Kohsuke KAWAGUCHI wrote:
> In DTD, there is a rule that the first declared entity overrides other
> declarations with the same name. So if we try to cache one external
> entity, you cannot do much parsing because any parameter entity can be
> possibly overrided by the internal DTD subset.
However, in many of the situations where people want to cache
DTD grammars, they have two reasons for doing so:
1) so that grammars don't have to be re-loaded, and
2) the document cannot override the grammar it's supposed
to validate against.
In the second case, the internal subset should be ignored
anyway. Otherwise, a document instance could define its own
grammar and most business applications want to strictly enforce
a grammar for validation.
> So I think the minimum unit of DTD grammar is the whole DTD grammar.

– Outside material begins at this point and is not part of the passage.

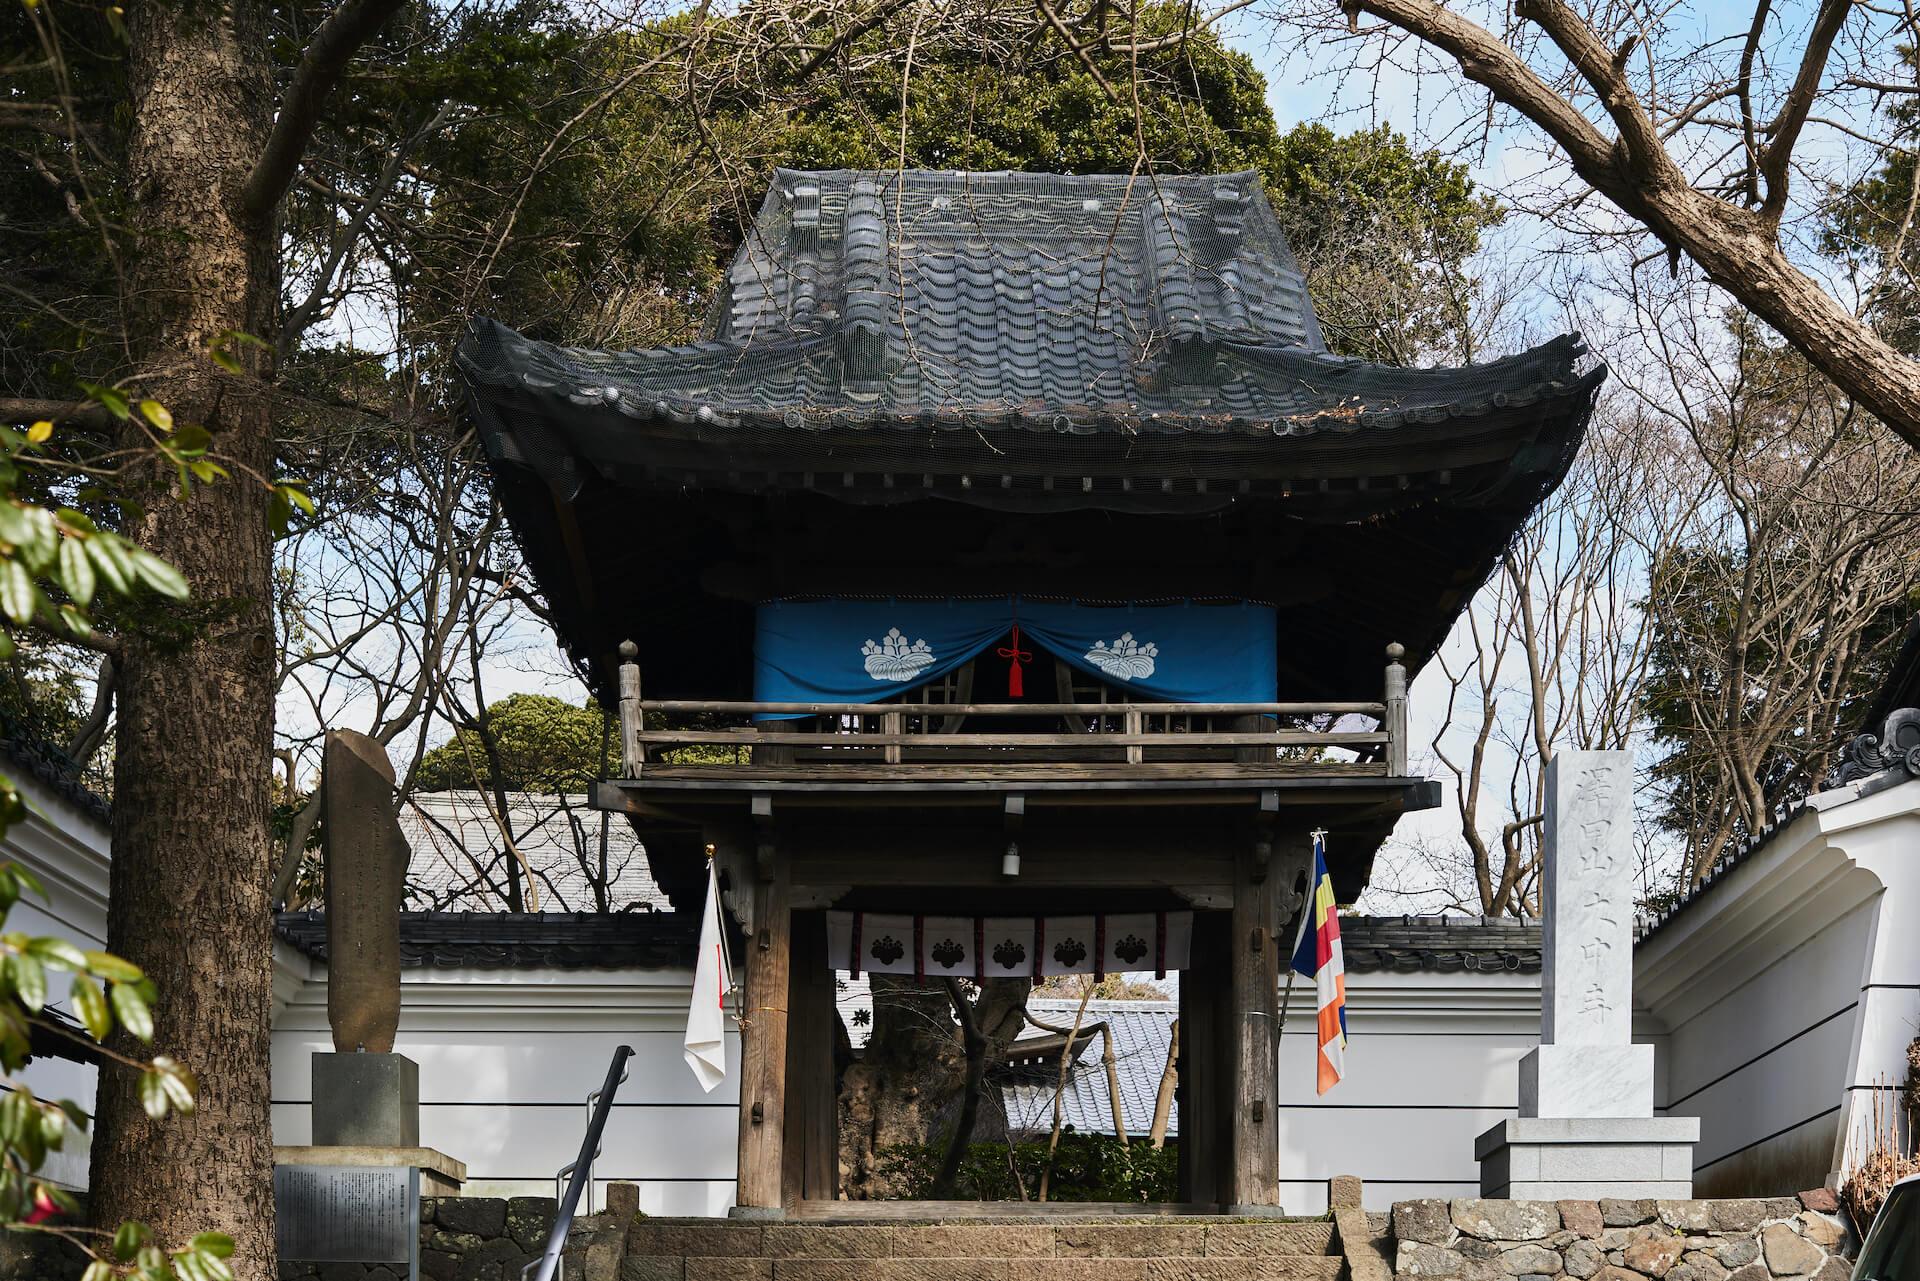 バーチャルを駆使した仮想大中寺で禅の世界を体感<MUSO Culture Festival 2021>レポート column210318_muso-01

I would agree with this. If you allowed the internal subset
to be processed and used, you would lose all of the benefit
of caching grammars in the first place.
> Also, as related issue, I think it's very difficult to cache XML Schema
> grammar at namespace-level. And why does this necessary after all? I
> haven't seen such a use case before.
I think there are many many uses for this. But we also need
to think about caching Schema grammars that don't specify a
target namespace.
However, a point that I've made before is that I don't think
that the two grammars (DTD and Schemas) can use the same
cache because the grammars really aren't interchangeable.
But I think we can use the same pool as long as we have a
way of identifying the grammar type.